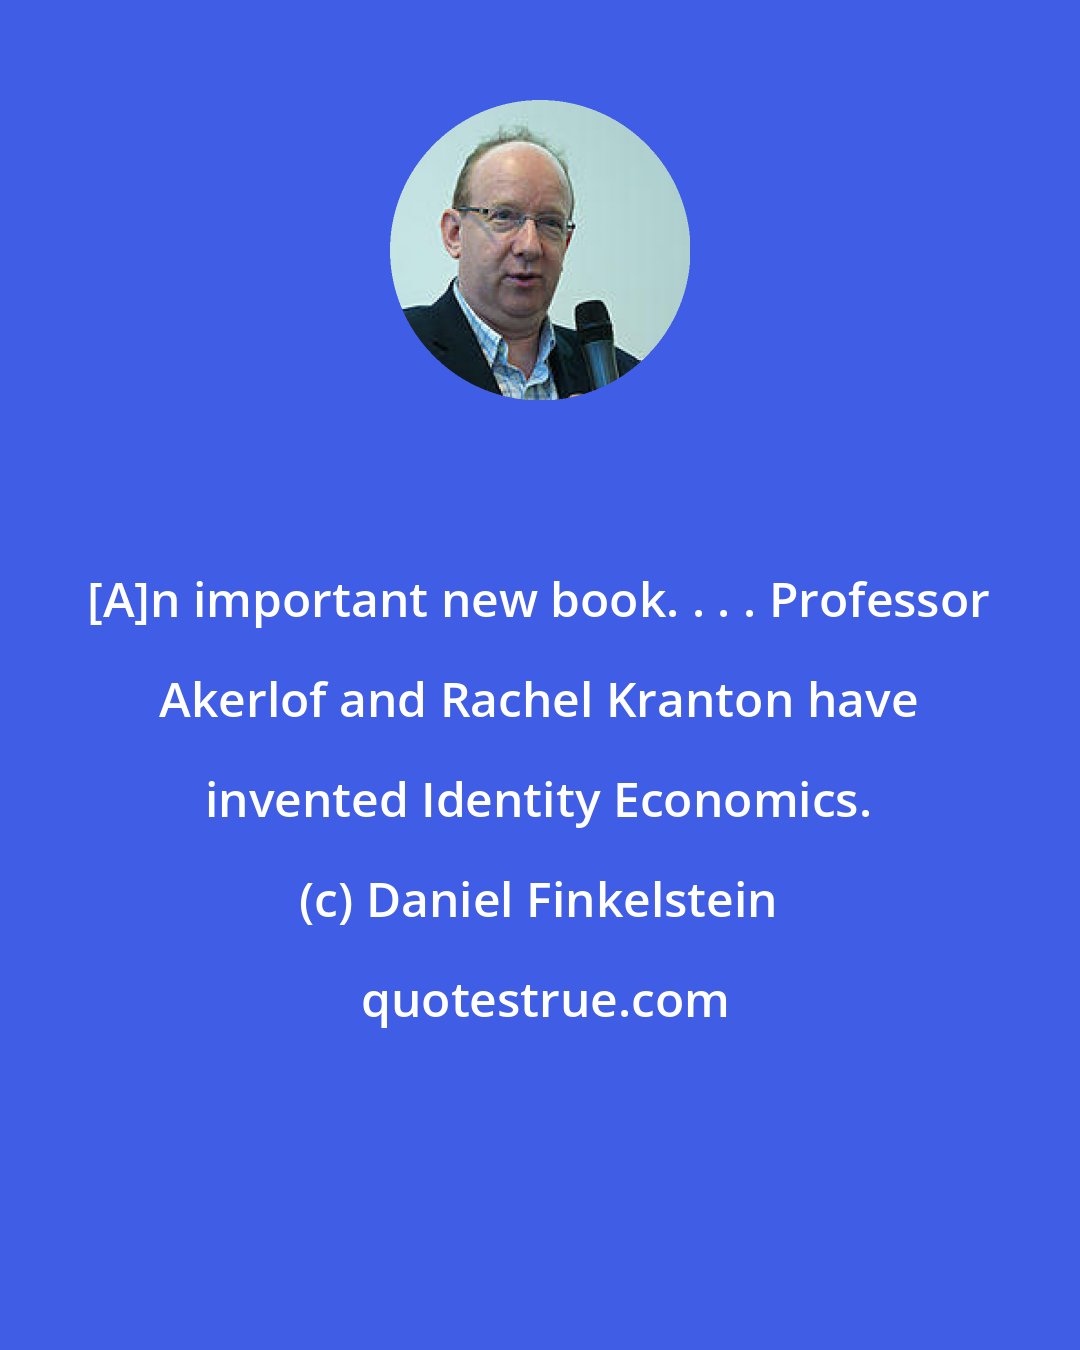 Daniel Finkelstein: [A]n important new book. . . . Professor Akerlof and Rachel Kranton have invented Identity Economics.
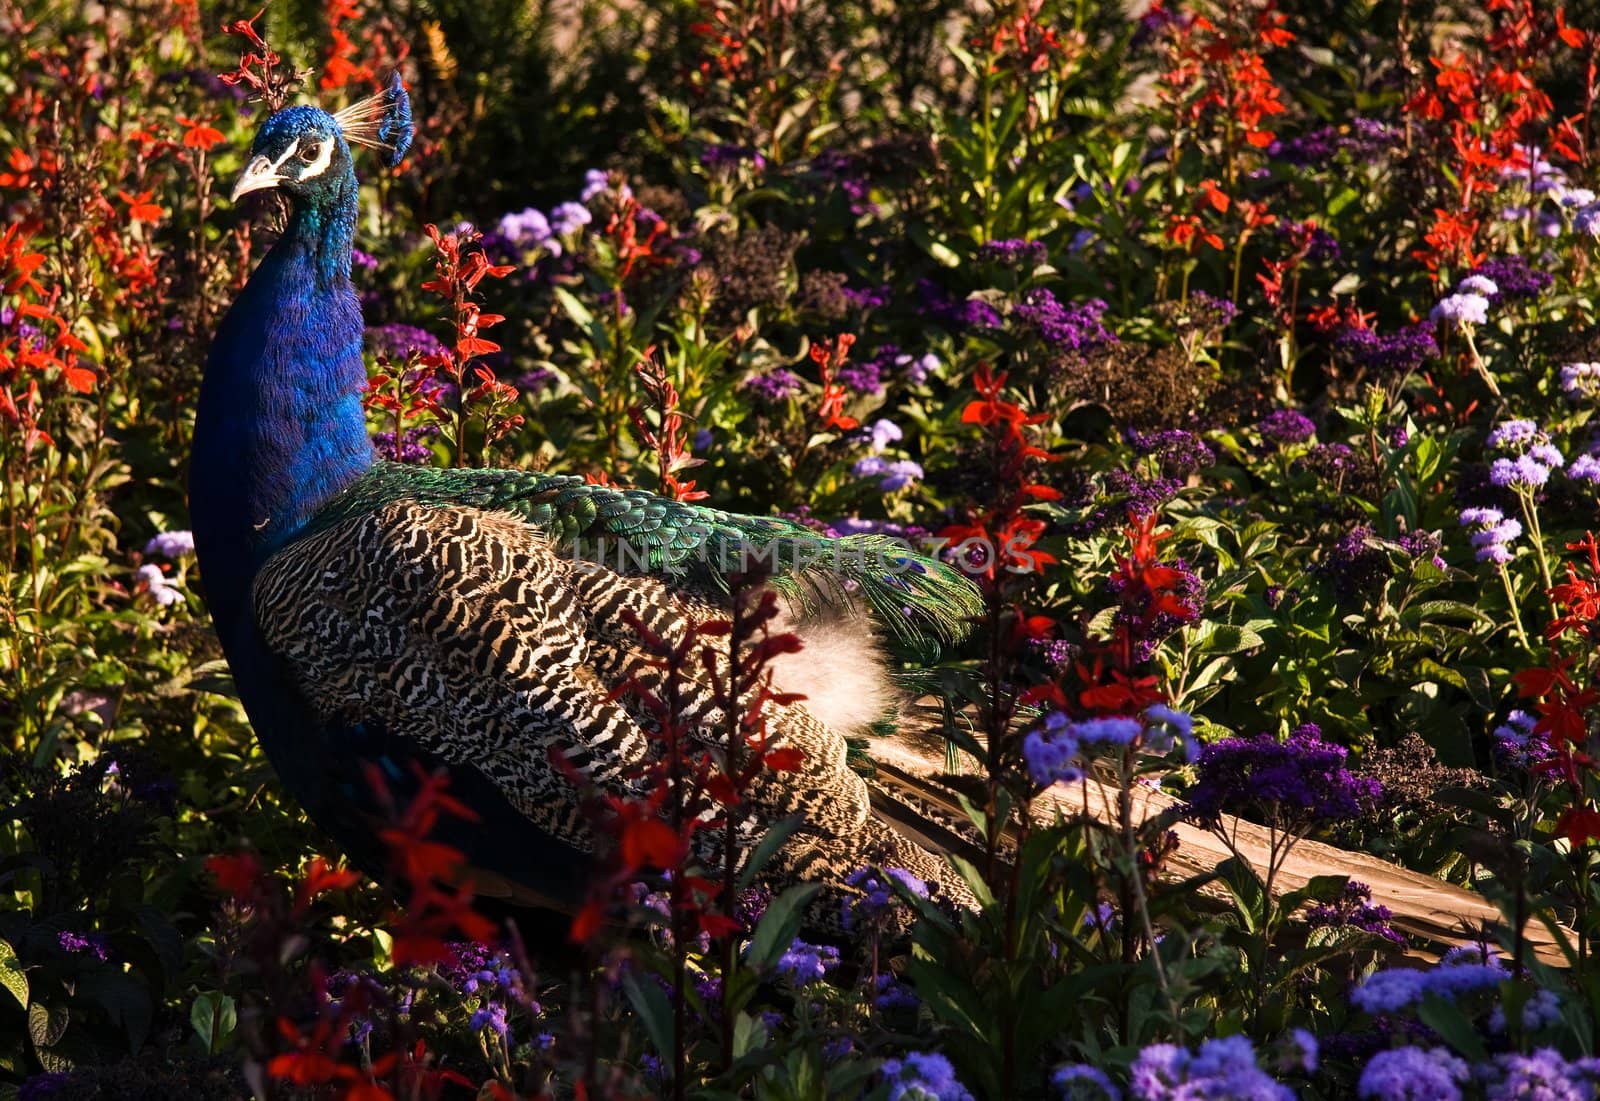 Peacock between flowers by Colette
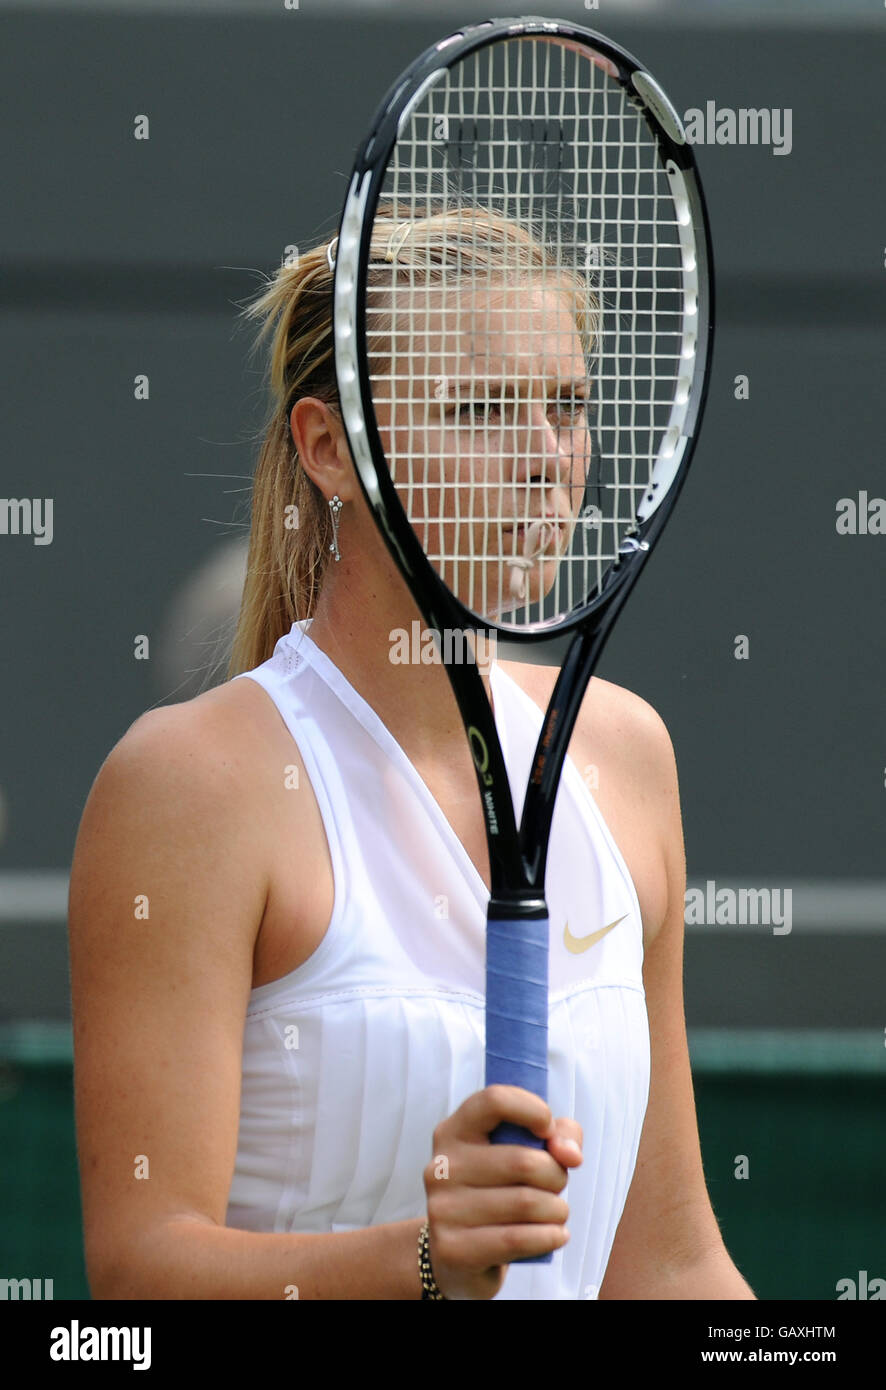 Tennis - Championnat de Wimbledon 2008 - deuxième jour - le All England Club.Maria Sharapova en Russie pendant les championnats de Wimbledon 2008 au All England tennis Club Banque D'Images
- - - - -
WORK TO BE COMPLETED:
Nothing but the listing, copied exactly and stripped of its images, should appear in the response.

SOLUTION FOR THIS PROBLEM:
 Daniel Finkelstein: [A]n important new book. . . . Professor Akerlof and Rachel Kranton have invented Identity Economics.
 Peacock between flowers by Colette
 Tennis - Championnat de Wimbledon 2008 - deuxième jour - le All England Club.Maria Sharapova en Russie pendant les championnats de Wimbledon 2008 au All England tennis Club Banque D'Images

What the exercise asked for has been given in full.